Data Science on the Google Cloud Platform

Cloud Data AScience Services

CiDrep Data Science and Analytics services are hosted and runs exclusively on digital/cloud platforms, which enables data science teams to easily organize their work, access data and computing resources from anywhere, build, train, deploy, and manage data models.

Our cloud services makes it easy for researchers and data scientists to take their projects from ideation to research discovery and publications, quickly and cost-effectively.

Overall our solutions makes data science teams more productive, and enables them to deploy and implement data pipelines, using statistical and machine learning methods and tools on any cloud platform. You will come to realize that our methodology is a hands-on guide to implementing an end-to-end data platform on GCP, AWS or IBM for DeepVariant analysis pipeline that uses a deep neural network to call genetic variants from next-generation DNA sequencing data.

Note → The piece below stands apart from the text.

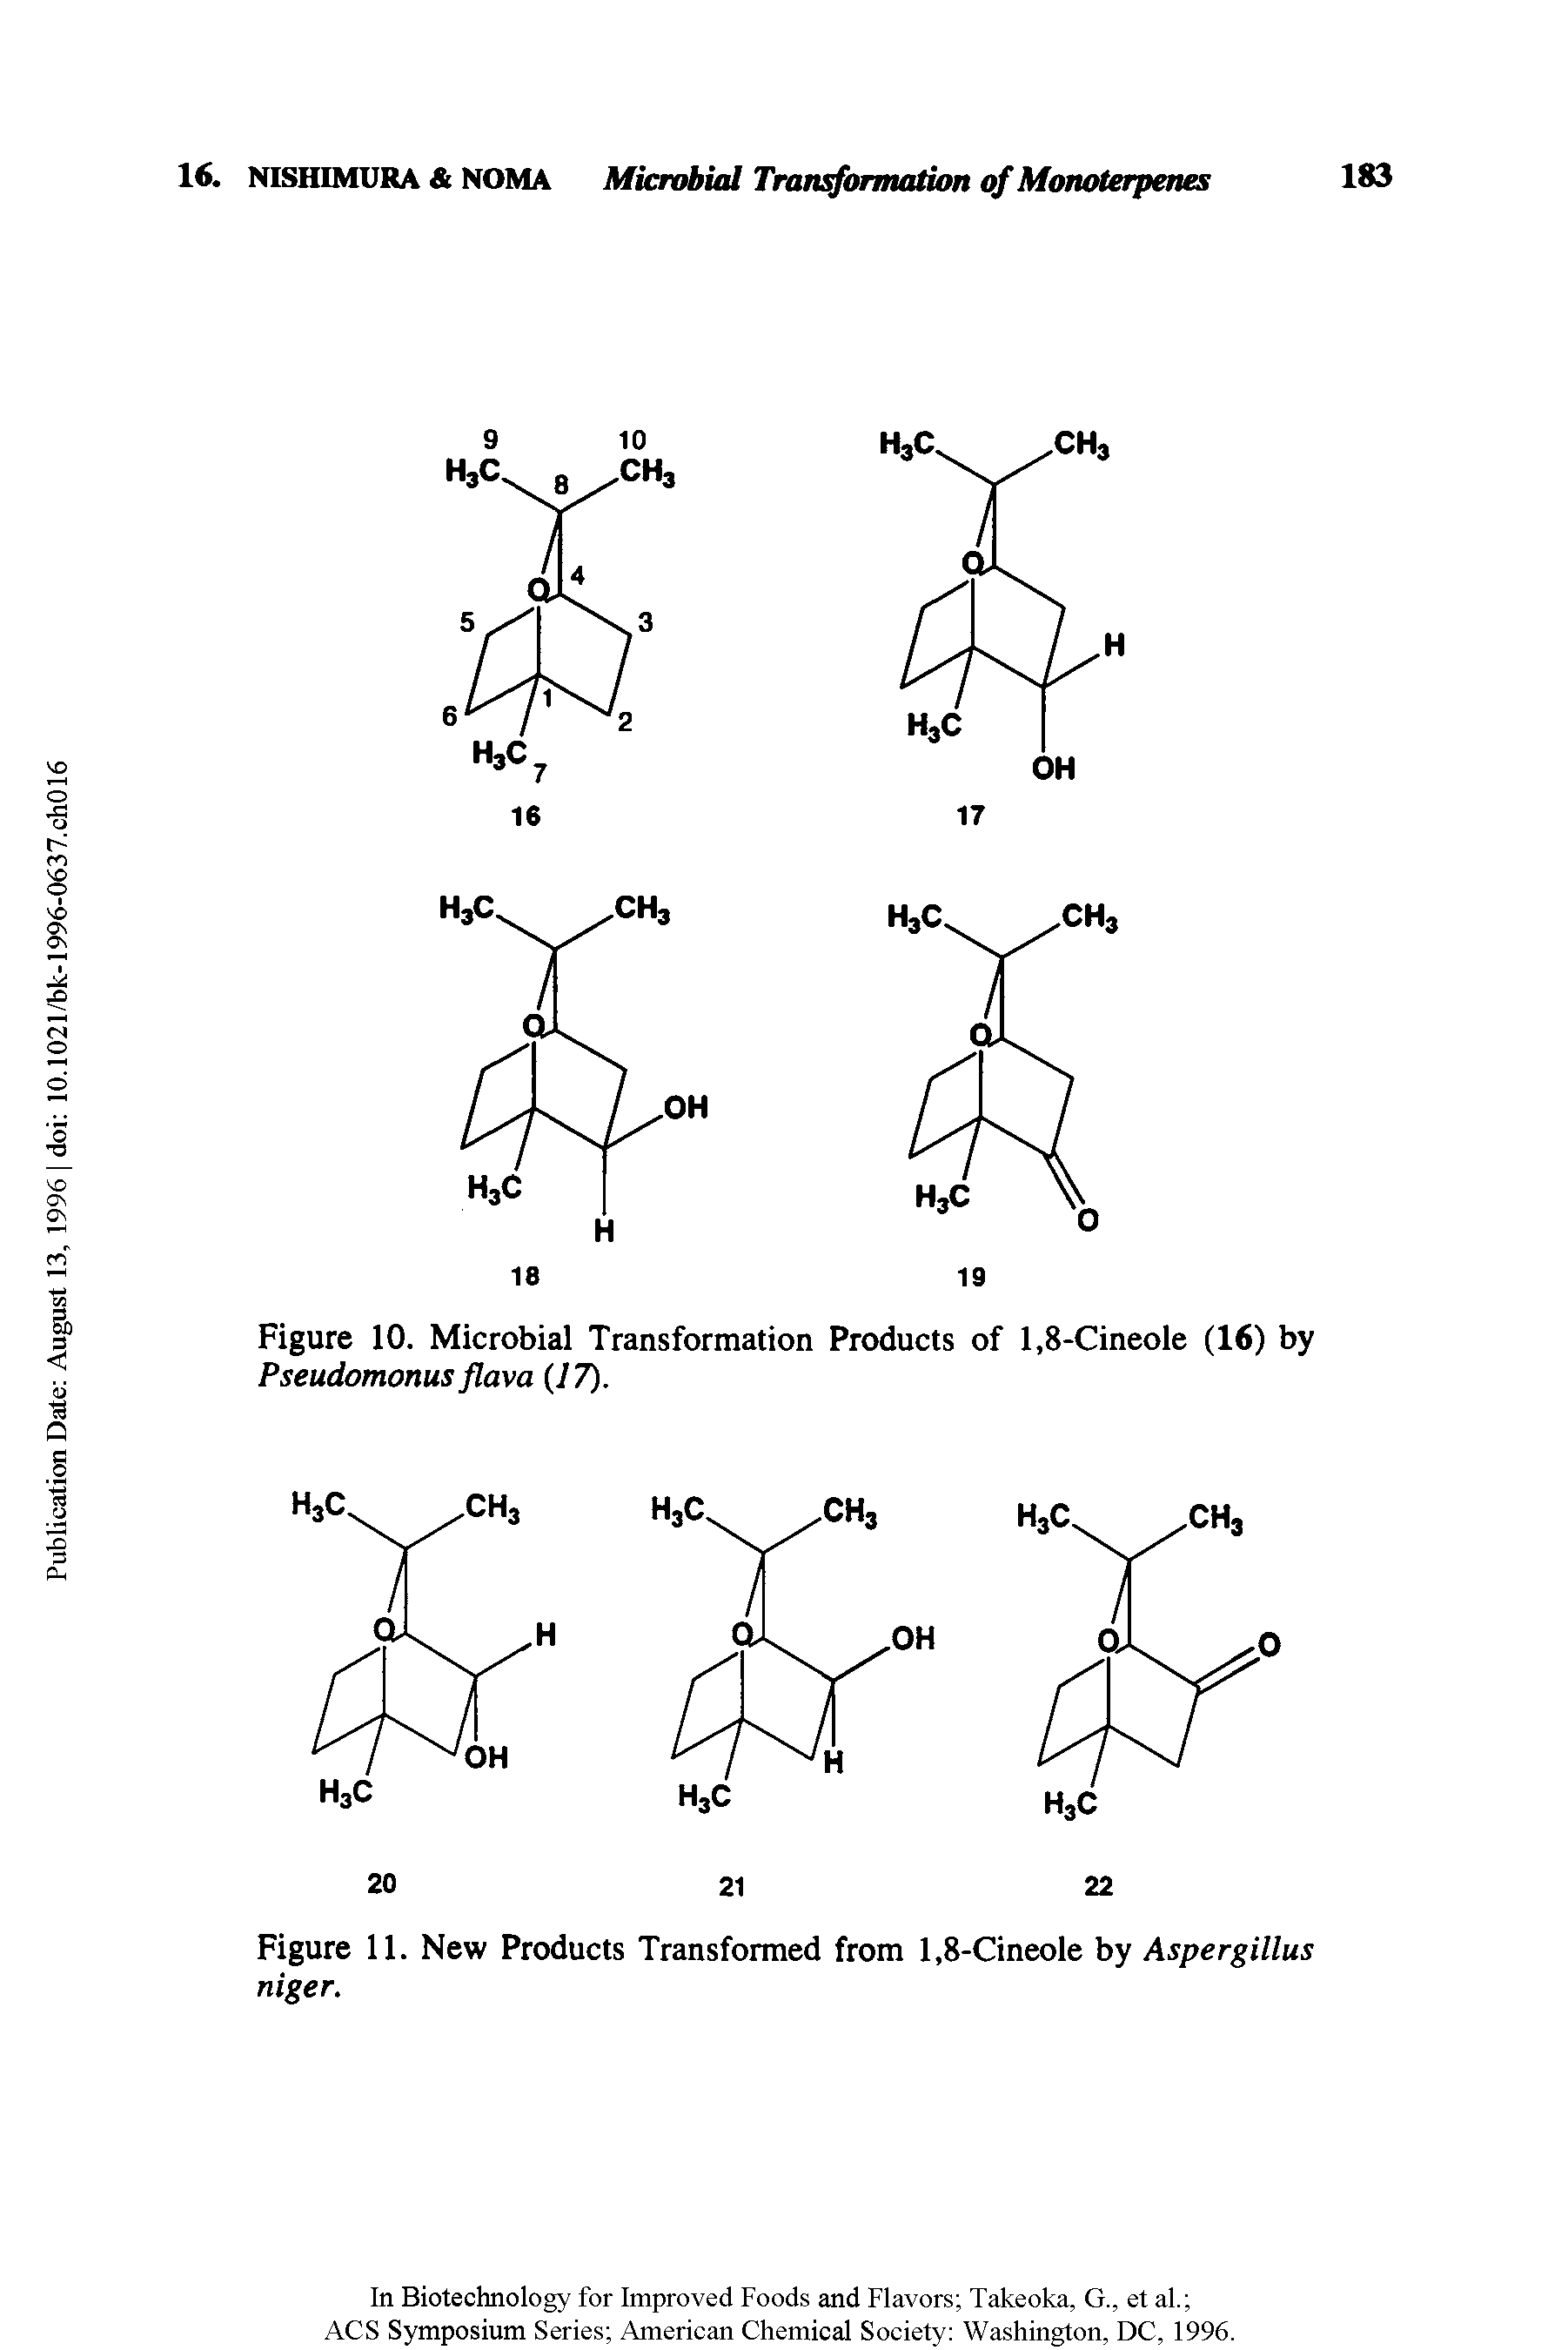 Figure 10. Microbial Transformation Products of 1,8-Cineole (16) by Pseudomonus flava 17).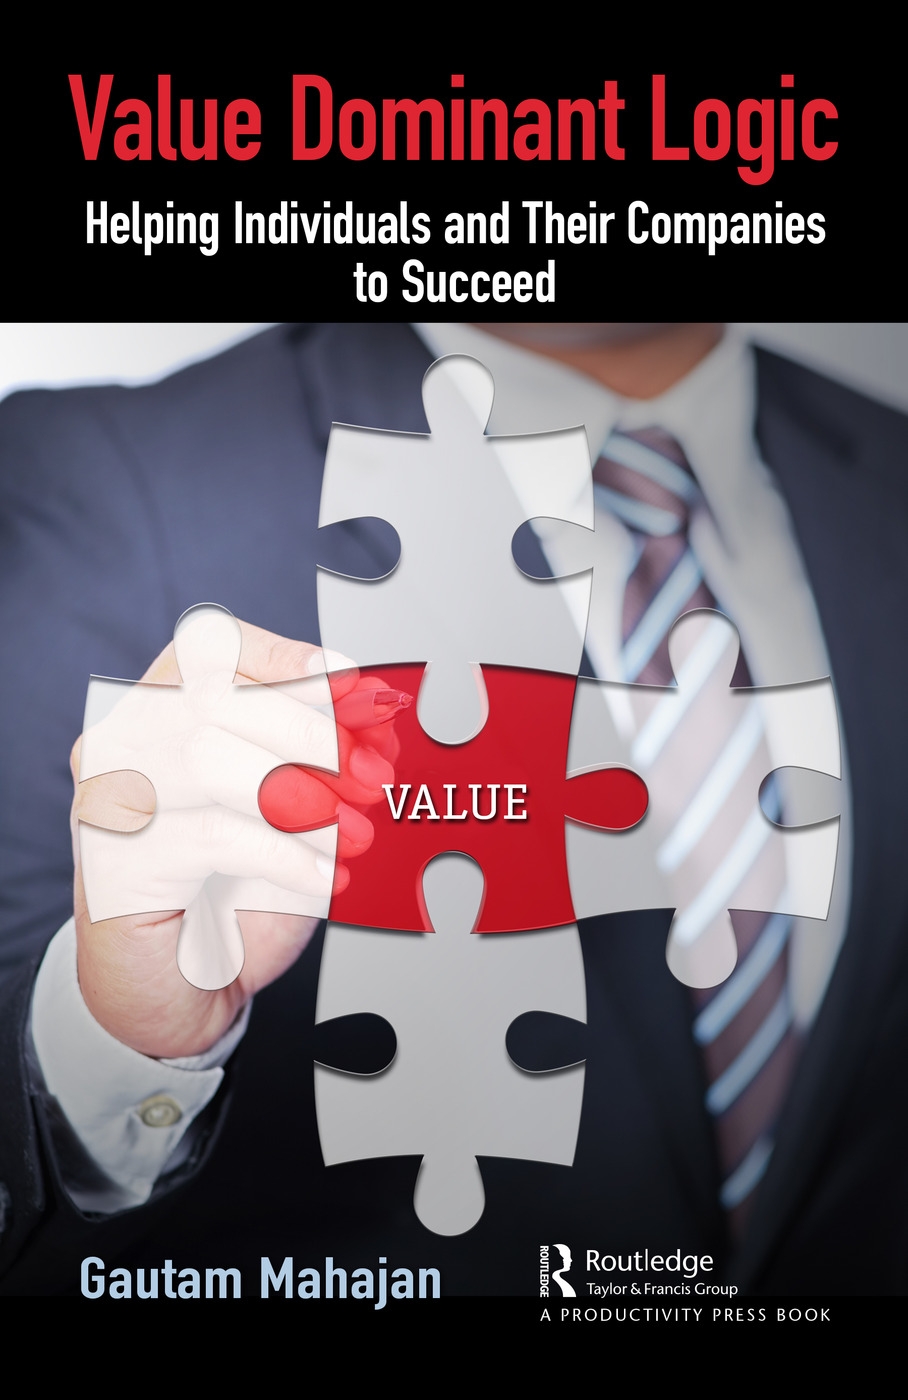 Value Dominant Logic: Helping Individuals and Their Companies to Succeed

  • Automate and schedule data ingest, using an App Engine application
  • Create and populate a dashboard in Google Data Studio
  • Build a real-time analysis pipeline to carry out streaming analytics
  • Conduct interactive data exploration with Google BigQuery
  • Create a Bayesian model on a Cloud Dataproc cluster
  • Build a logistic regression machine-learning model with Spark
  • Compute time-aggregate features with a Cloud Dataflow pipeline
  • Create a high-performing prediction model with TensorFlow 
  • Use your deployed model as a microservice you can access from both batch and real-time pipelines

Our partner’s Cloud Genomics platorms offers petabyte scale genomic data processing and analysis for all of your data needs to: map to securely store, process, explore, and share large and complex genomic datasets; for GATK Best Practices for variant discovery in whole genome sequencing (WGS) data; RNA-Seq pipeline intended to show Nextflow usage; running a Sentieon DNAseq Pipeline; or running a dsub pipeline creates an index (BAI file) from a large binary file of DNA sequences (BAM file).